- _Problem to solve_
When you reproduce the listing, keep every word as it is and drop the pictures.

- _Data block_
══════
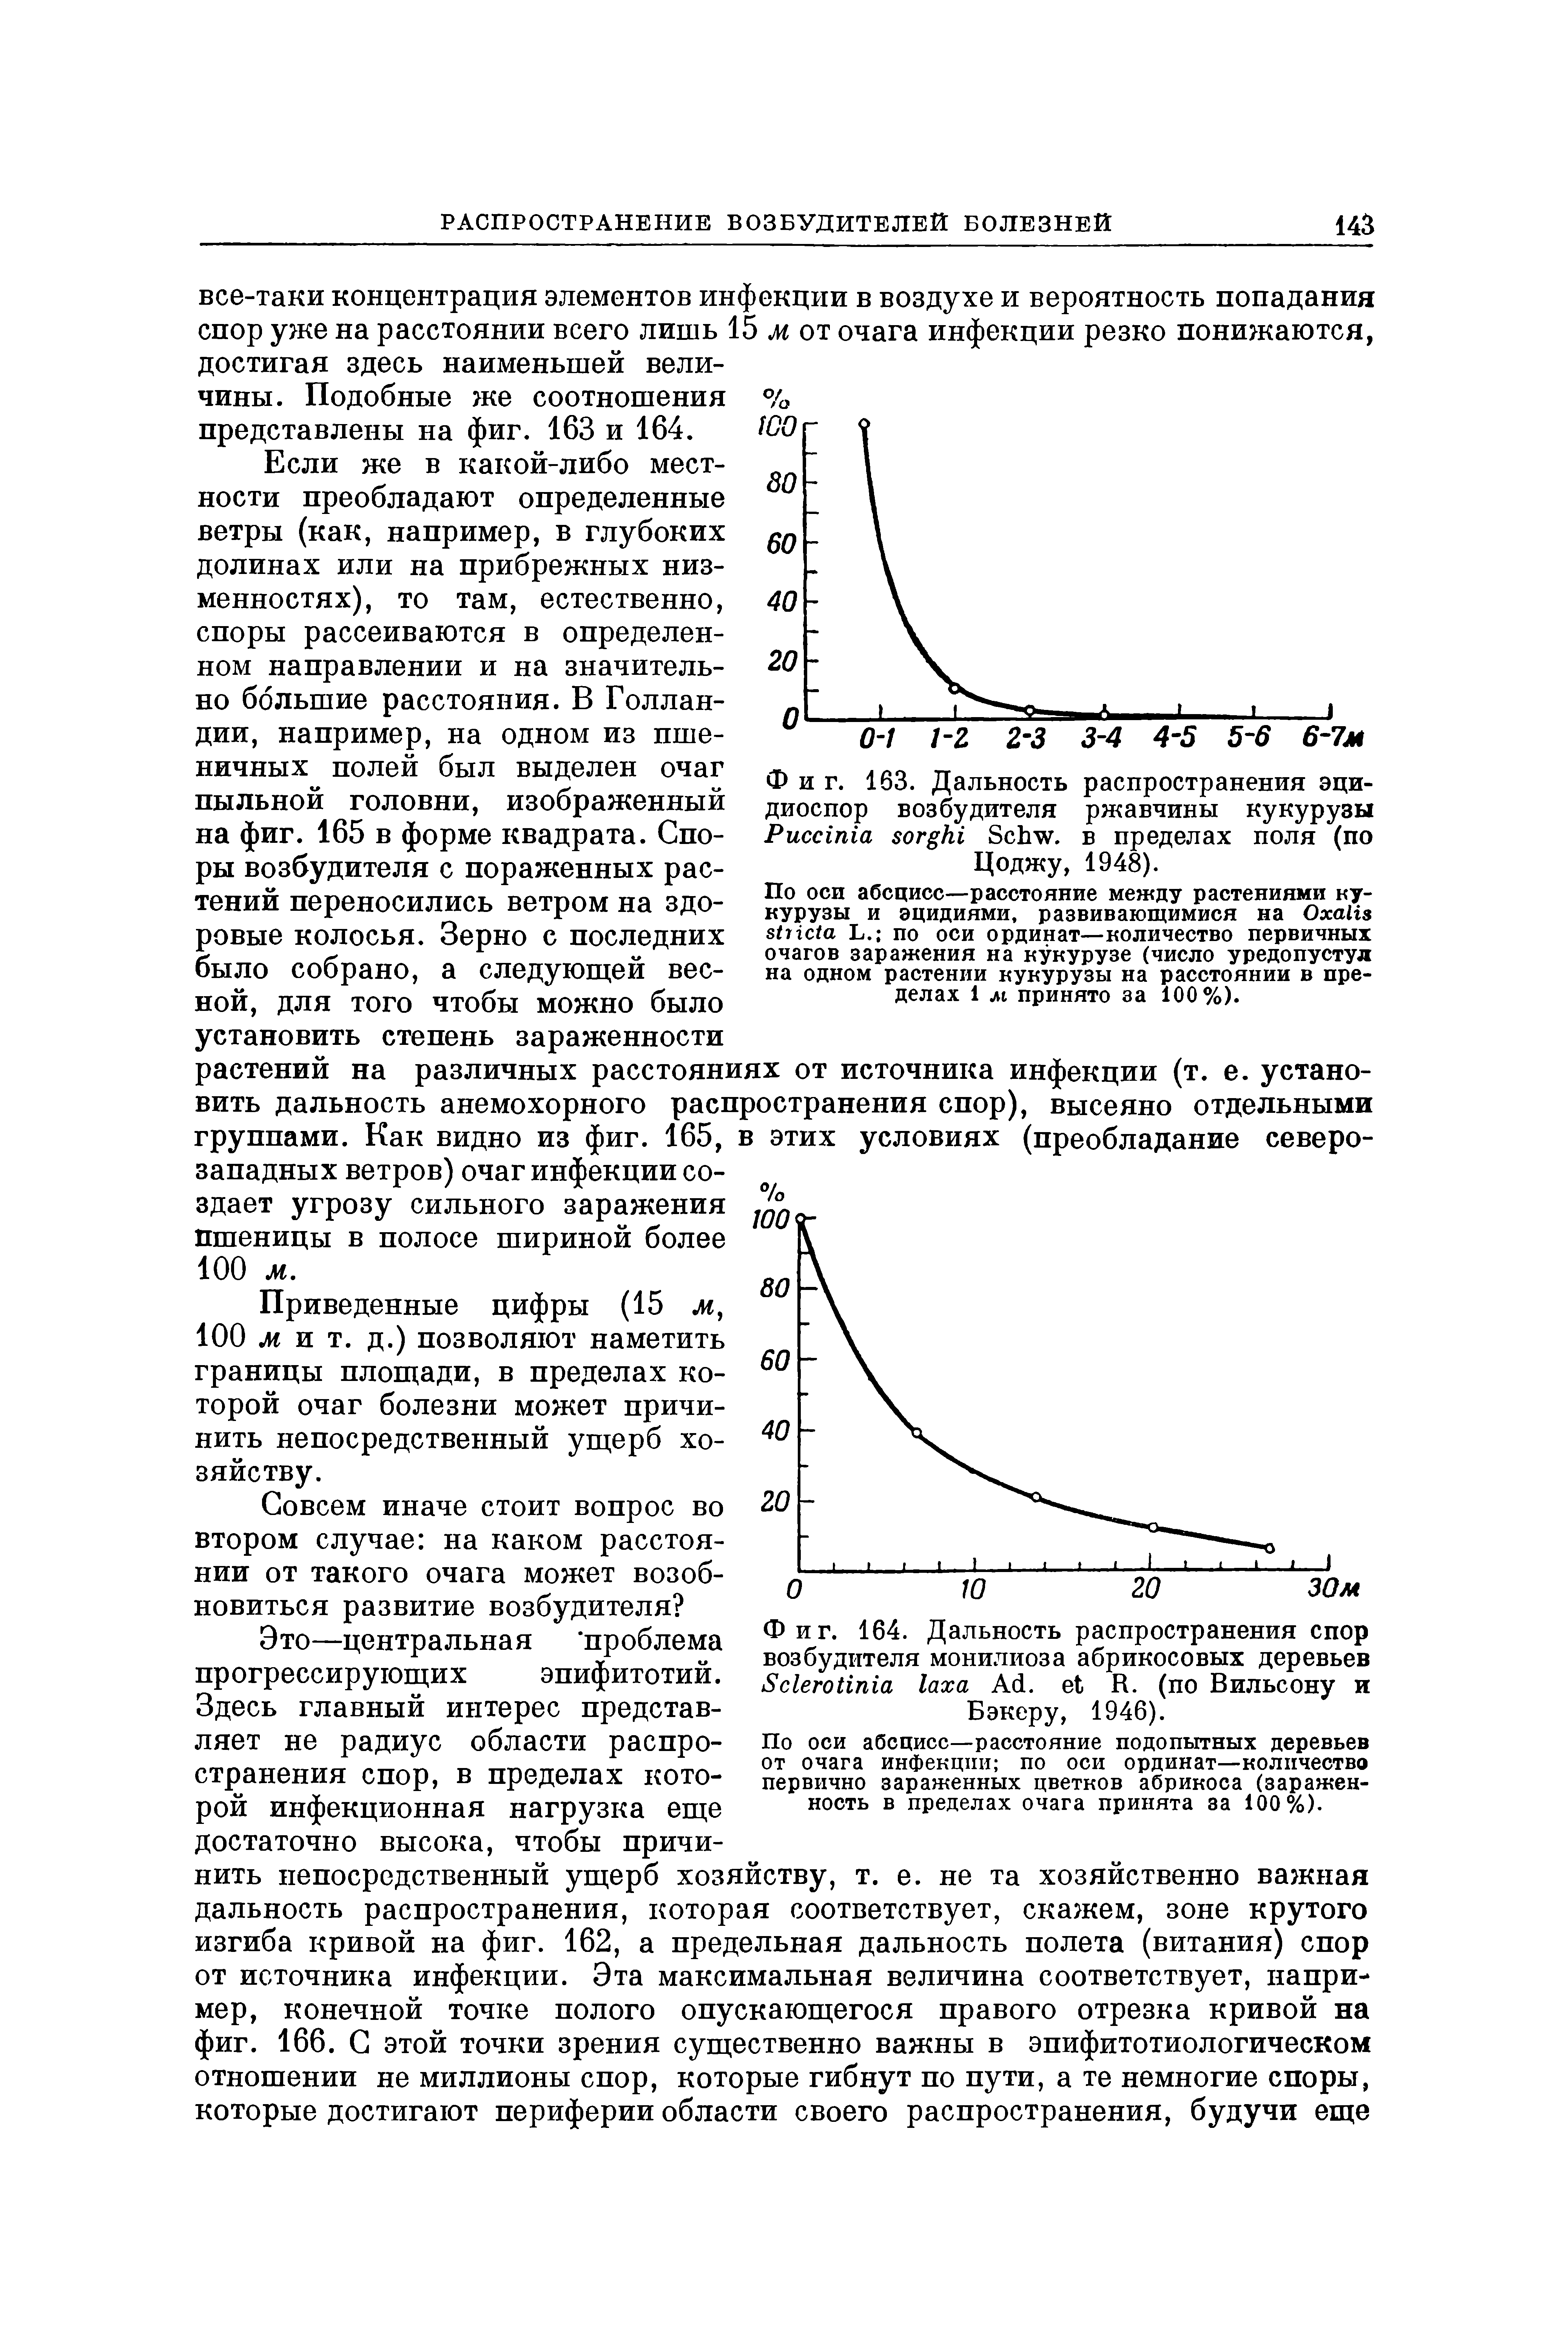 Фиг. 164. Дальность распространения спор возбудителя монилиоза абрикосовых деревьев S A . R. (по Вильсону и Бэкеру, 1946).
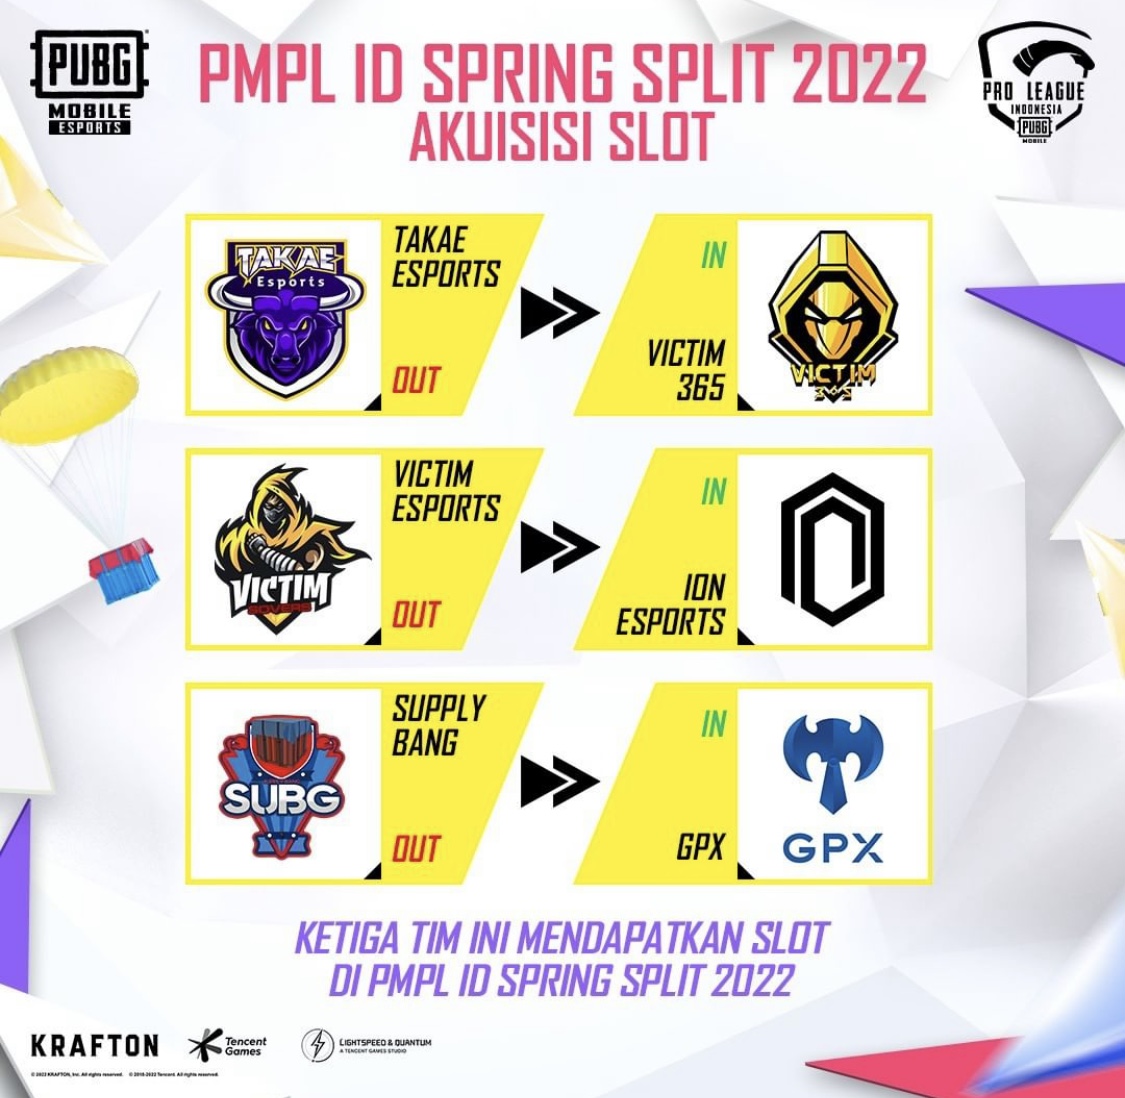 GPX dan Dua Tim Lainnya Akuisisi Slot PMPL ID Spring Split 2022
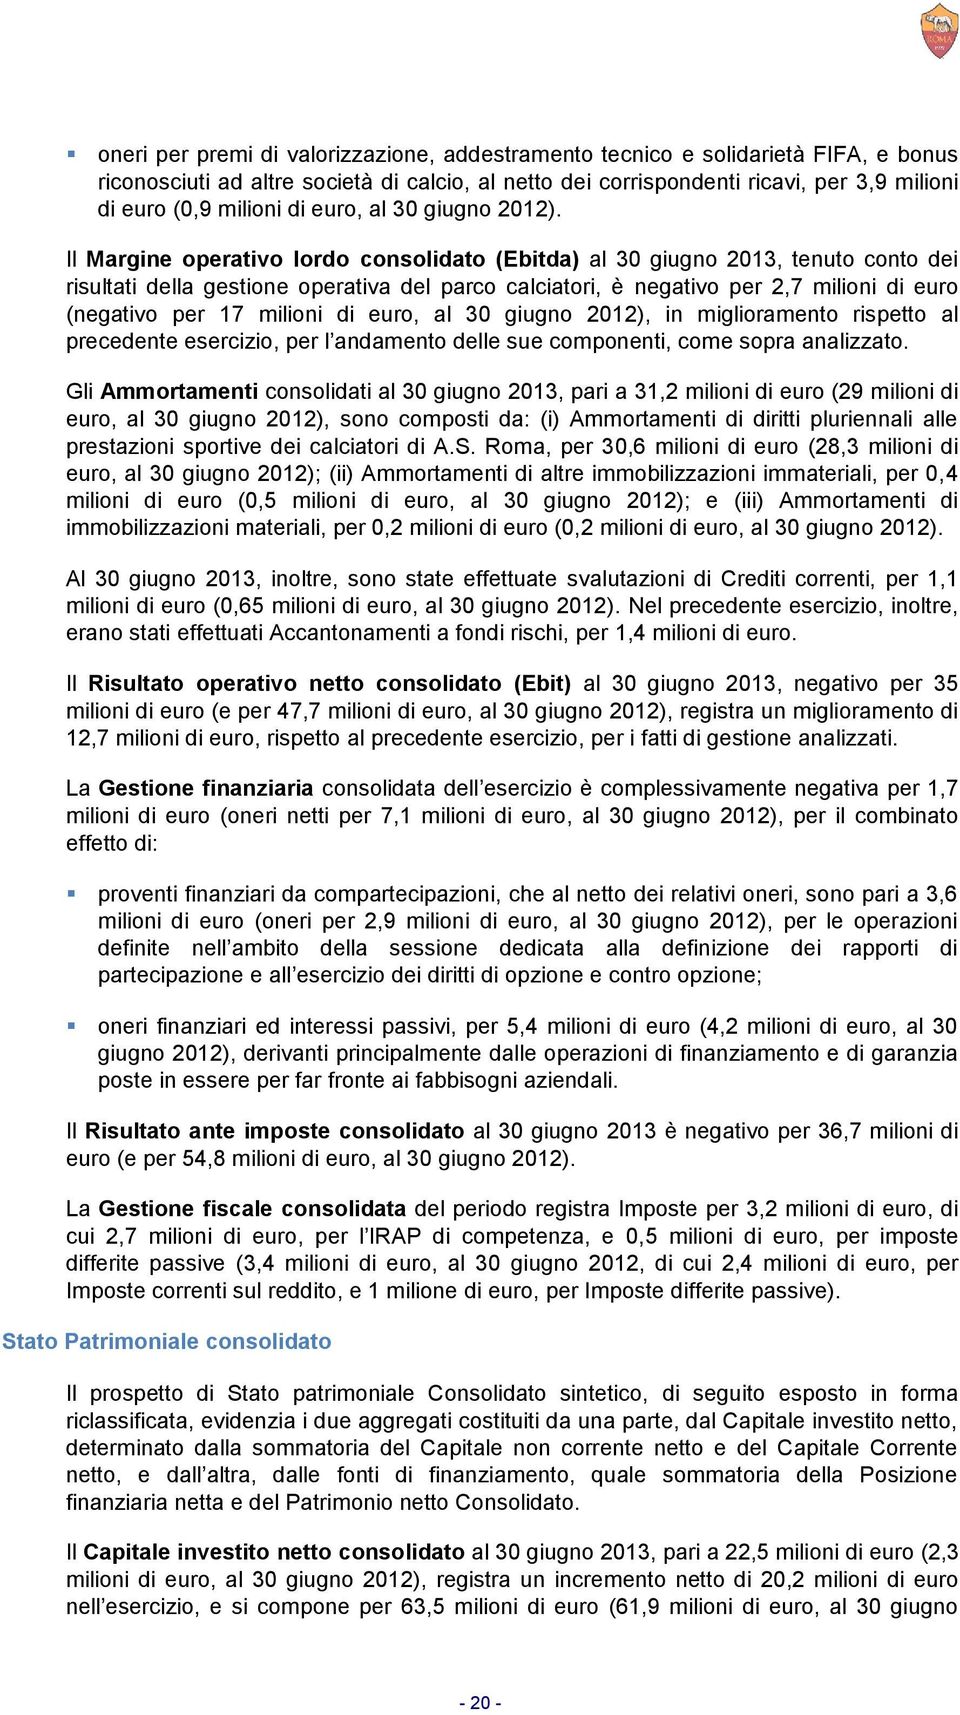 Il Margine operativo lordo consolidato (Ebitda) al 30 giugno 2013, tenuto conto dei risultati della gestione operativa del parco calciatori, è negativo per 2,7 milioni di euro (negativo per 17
══════
- _Written answer_
 Фиг. 164. Дальность распространения спор возбудителя монилиоза абрикосовых деревьев S A . R. (по Вильсону и Бэкеру, 1946).
 GPX dan Dua Tim Lainnya Akuisisi Slot PMPL ID Spring Split 2022
 Il Margine operativo lordo consolidato (Ebitda) al 30 giugno 2013, tenuto conto dei risultati della gestione operativa del parco calciatori, è negativo per 2,7 milioni di euro (negativo per 17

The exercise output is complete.